I taught a class on how to make these Hooded Towels at Enrichment last night and thought I'd share the directions I made. It only takes about 10-15 minutes and they turn out so cute!
Directions for a Hooded Towel  
1. You need one bath towel and one hand towel (not a face towel). Get nice, thick, soft ones.
2. Cut the hand towel in half. Make sure if there is a design you have that in the part you cut out. (At this point you can embellish your hand towel with rick-rack, ribbon, or decorative fabric.) 
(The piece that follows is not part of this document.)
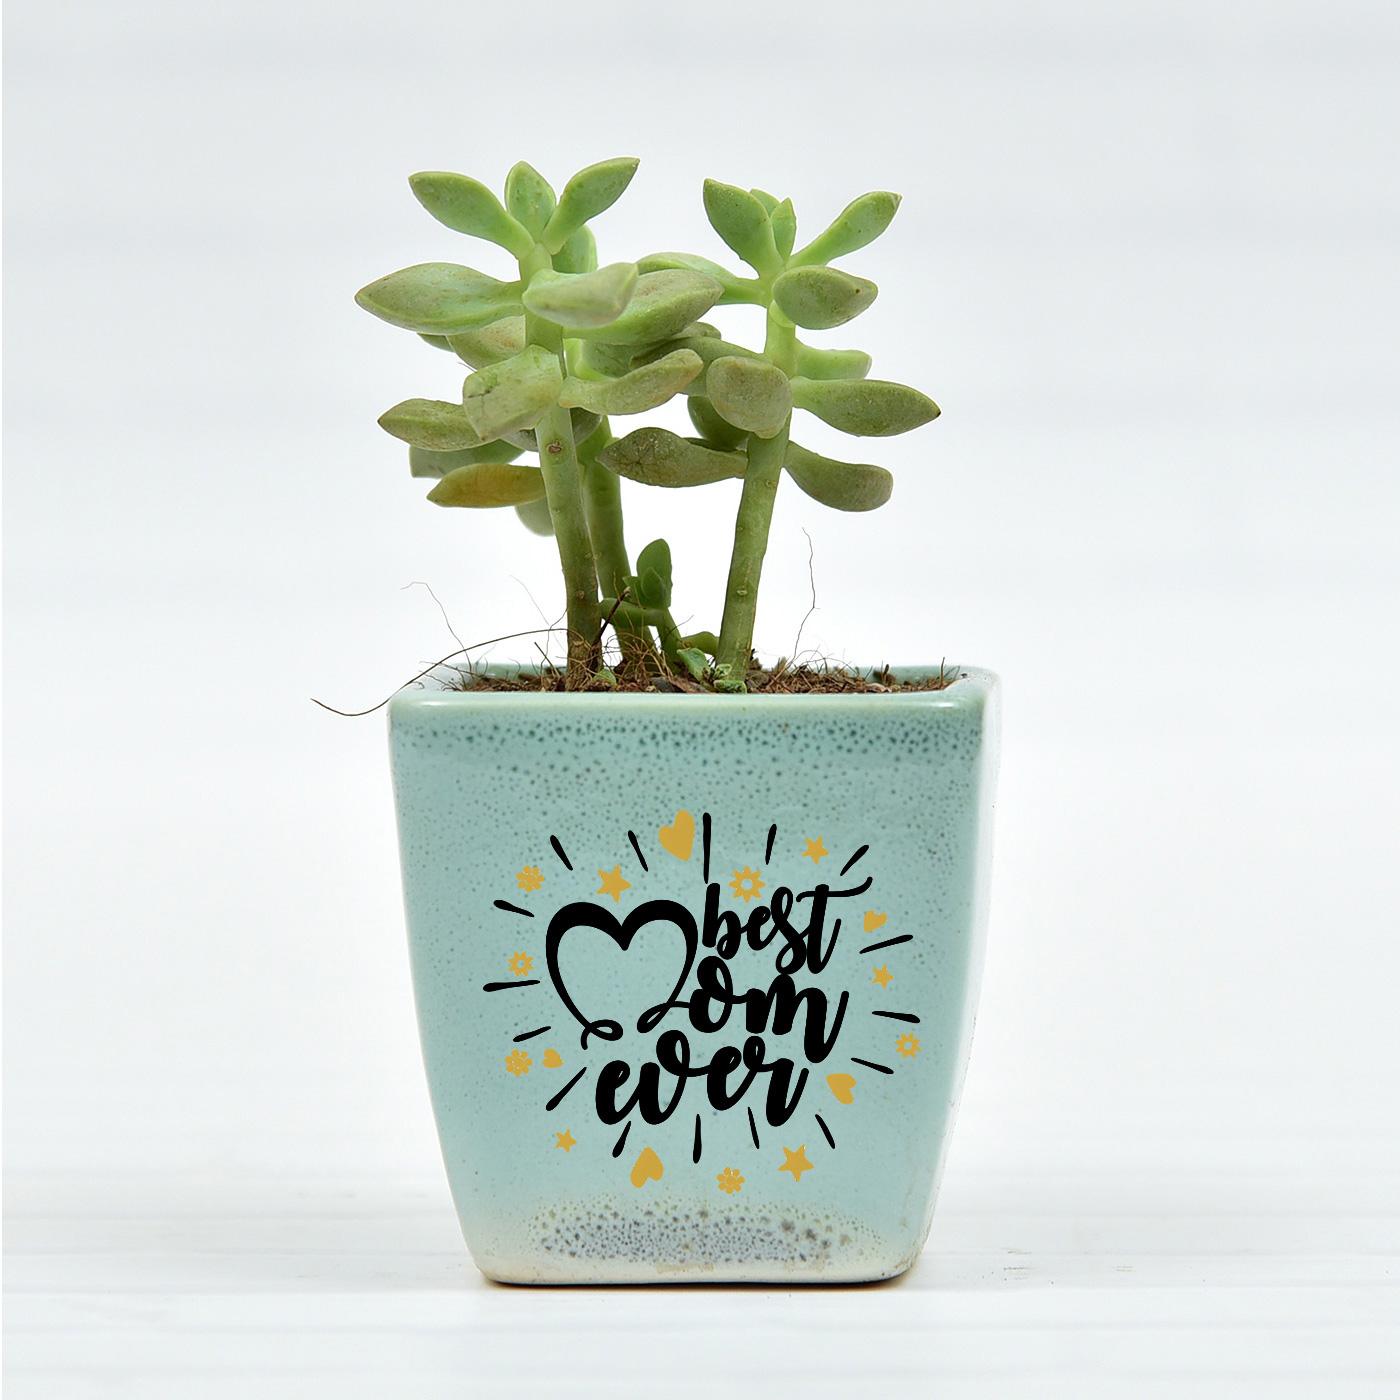 Cute-Echieviera-Succulent-In-Small-Ceramic-Planter

3.  Fold about a 1-2 inch "hem" on the finished edge of the towel and sew it down.   4. Next, fold the hand towel right sides together with the sides you cut touching each other. Stitch the side you cut closed. 5. Now form a “triangle” with the hood with the seam you just sewed facing you. Sew a straight stitch about 3 inches down from the point of your triangle. Cut off the piece of the towel above the line you sewed (it will look like a small triangle). 6. Fold your towel in half and put a pin in place (where the hood goes) so you know where the center is. Mark about 4" from the middle on both sides of the towel (it doesn’t have to be exact). Take that point and bring it into the middle and pin in place. Do the other side. It should look like this: Close-up view. You will be sewing through 3 layers. 7. Take your hood and turn it right side out (so the seams are on the inside). Match up the center of the back of the towel with the center of the back of the hood. 8. Pin hood to the towel and sew the hood on. I usually do a straight stitch through all layers and then go back and zig zag stitch for added strength.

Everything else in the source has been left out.